Let's create a new UIKit project, add NSCameraUsageDescription in Info.plist with a message for user.

Next, we need to request access to the camera:

import UIKit
import AVKit
 
final class ViewController: UIViewController {
 
    private var isAuthorized: Bool {
        get async {
            let status = AVCaptureDevice.authorizationStatus(for: .video)
            var isAuthorized = status == .authorized
            if status == .notDetermined {
                isAuthorized = await AVCaptureDevice.requestAccess(for: .video)
            }
            return isAuthorized
        }
    }
}

This checks if we have permission to use the camera and requests it if necessary. The async property allows us to use Swift concurrency for this permission check.

Next, we need to configure the capture session:

private lazy var captureSession = AVCaptureSession()
private lazy var sessionQueue = DispatchQueue(label: "video.preview.session")
 
private func configureSession() {
    let systemPreferredCamera = AVCaptureDevice.default(for: .video)
    guard let systemPreferredCamera,
          let deviceInput = try? AVCaptureDeviceInput(device: systemPreferredCamera) else {
        return
    }
 
    captureSession.beginConfiguration()
    defer {
        captureSession.commitConfiguration()
    }
 
    let videoOutput = AVCaptureVideoDataOutput()
    // 1. Set the sample buffer delegate
    videoOutput.setSampleBufferDelegate(self, queue: sessionQueue)
 
    guard captureSession.canAddInput(deviceInput),
        captureSession.canAddOutput(videoOutput) else {
        return
    }
 
    captureSession.addInput(deviceInput)
    captureSession.addOutput(videoOutput)
 
    // 2. Set the video rotation angle and mirror the video
    let videoConnection = videoOutput.connection(with: .video)
    videoConnection?.videoRotationAngle = 270
    videoConnection?.isVideoMirrored = true
}

Here are some important things to note:

Set the sample buffer delegate to receive the video frames.
Set the video rotation angle and mirror the video so it appears correctly in PiP mode.

To display the camera feed, we'll use AVSampleBufferDisplayLayer. Let's create a view that uses it:

final class SampleBufferDisplayView: UIView {
 
    override class var layerClass: AnyClass {
        AVSampleBufferDisplayLayer.self
    }
 
    var sampleBufferDisplayLayer: AVSampleBufferDisplayLayer {
        layer as!
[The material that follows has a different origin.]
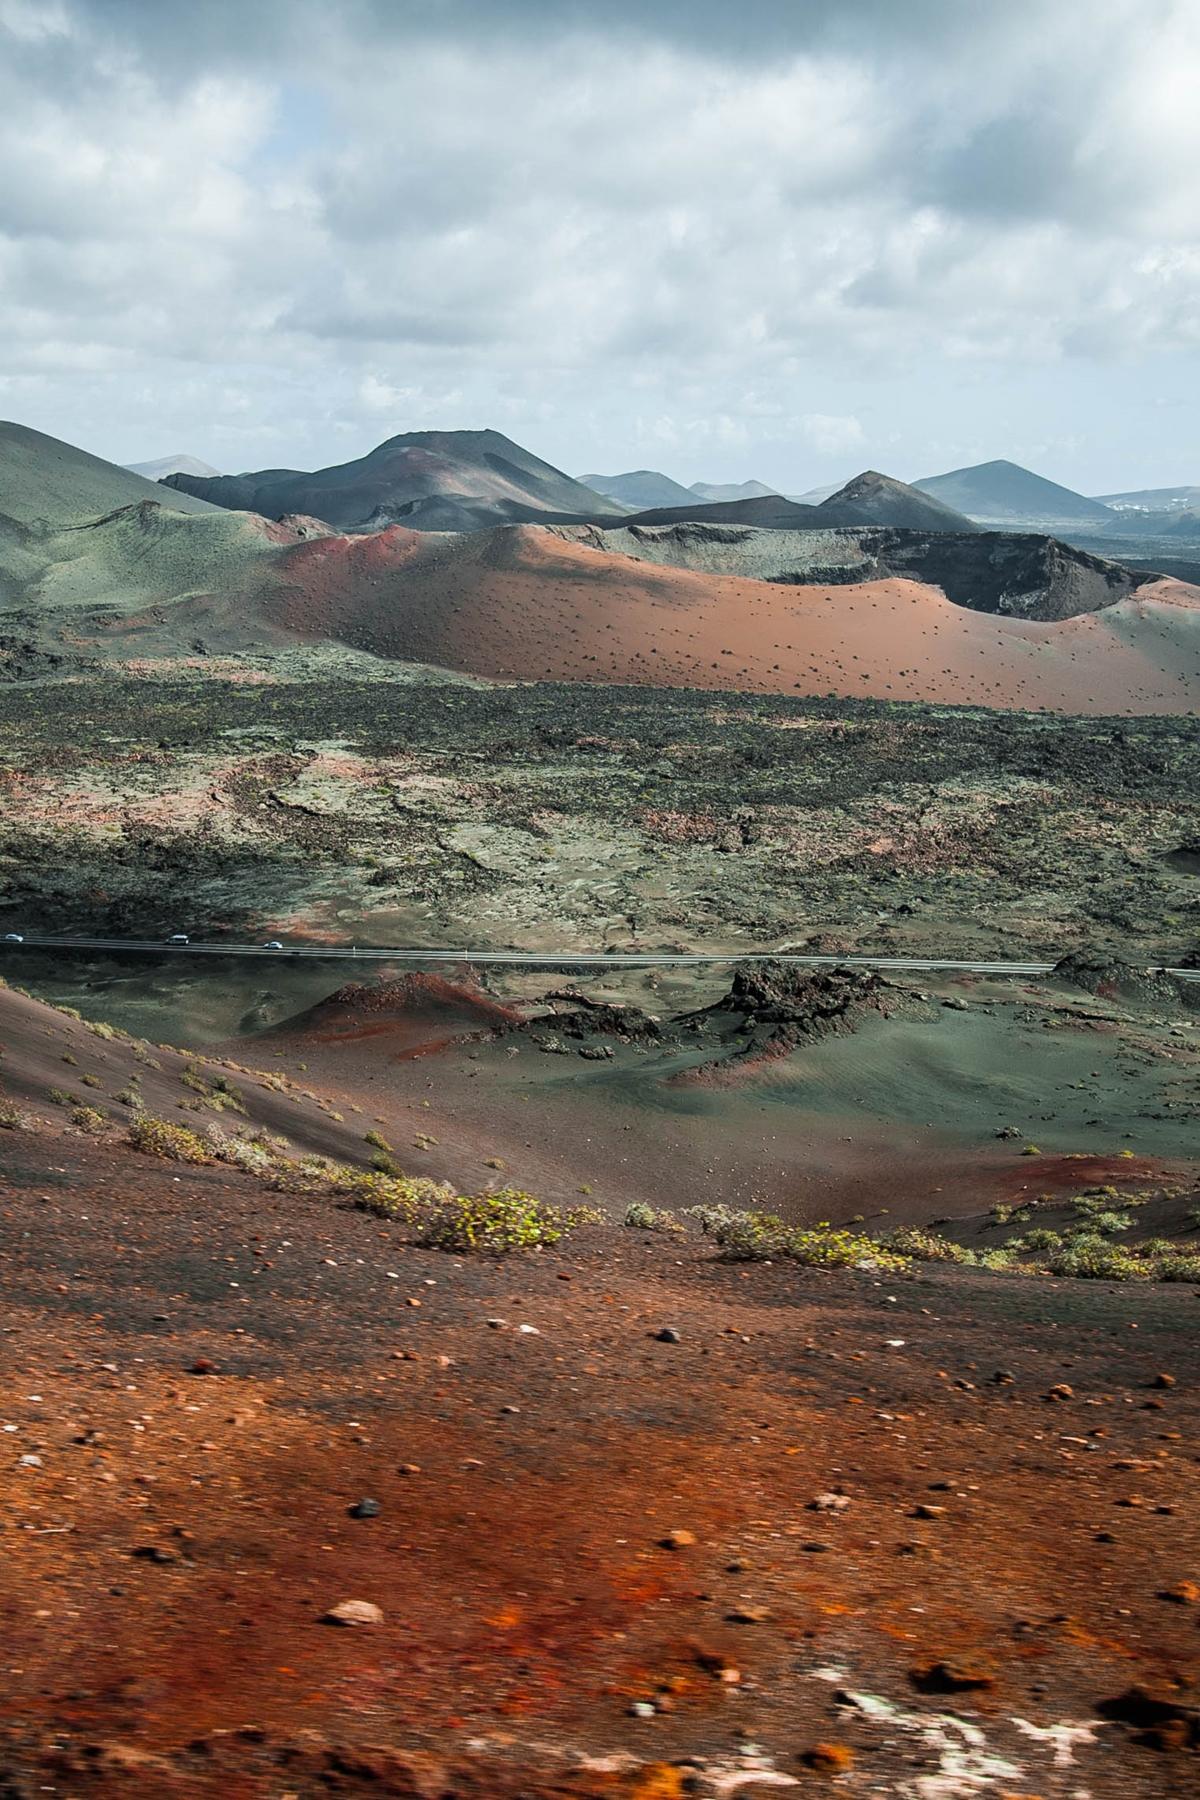 krater wulkanu Park Narodowy Timanfaya

AVSampleBufferDisplayLayer
    }
}

This custom view overrides the default layer with AVSampleBufferDisplayLayer, making it perfect for our camera feed. By overriding layerClass, we're telling UIKit to use our specialized layer type instead of the default CALayer.

In the ViewController, we'll load the SampleBufferDisplayView as the root view:

final class ViewController: UIViewController {
 
    private lazy var sampleBufferDisplayView = SampleBufferDisplayView()
 
    override func loadView() {
        view = sampleBufferDisplayView
    }
}

Now we need to implement the AVCaptureVideoDataOutputSampleBufferDelegate protocol to receive the video frames:

extension ViewController: AVCaptureVideoDataOutputSampleBufferDelegate {
 
    func captureOutput(_ output: AVCaptureOutput, didOutput sampleBuffer: CMSampleBuffer, from connection: AVCaptureConnection) {
        DispatchQueue.main.async {
            self.sampleBufferDisplayView.sampleBufferDisplayLayer.sampleBufferRenderer.enqueue(sampleBuffer)
        }
    }
}

This delegate method is called every time a new video frame is captured. We enqueue the sample buffer on the main thread to update UI.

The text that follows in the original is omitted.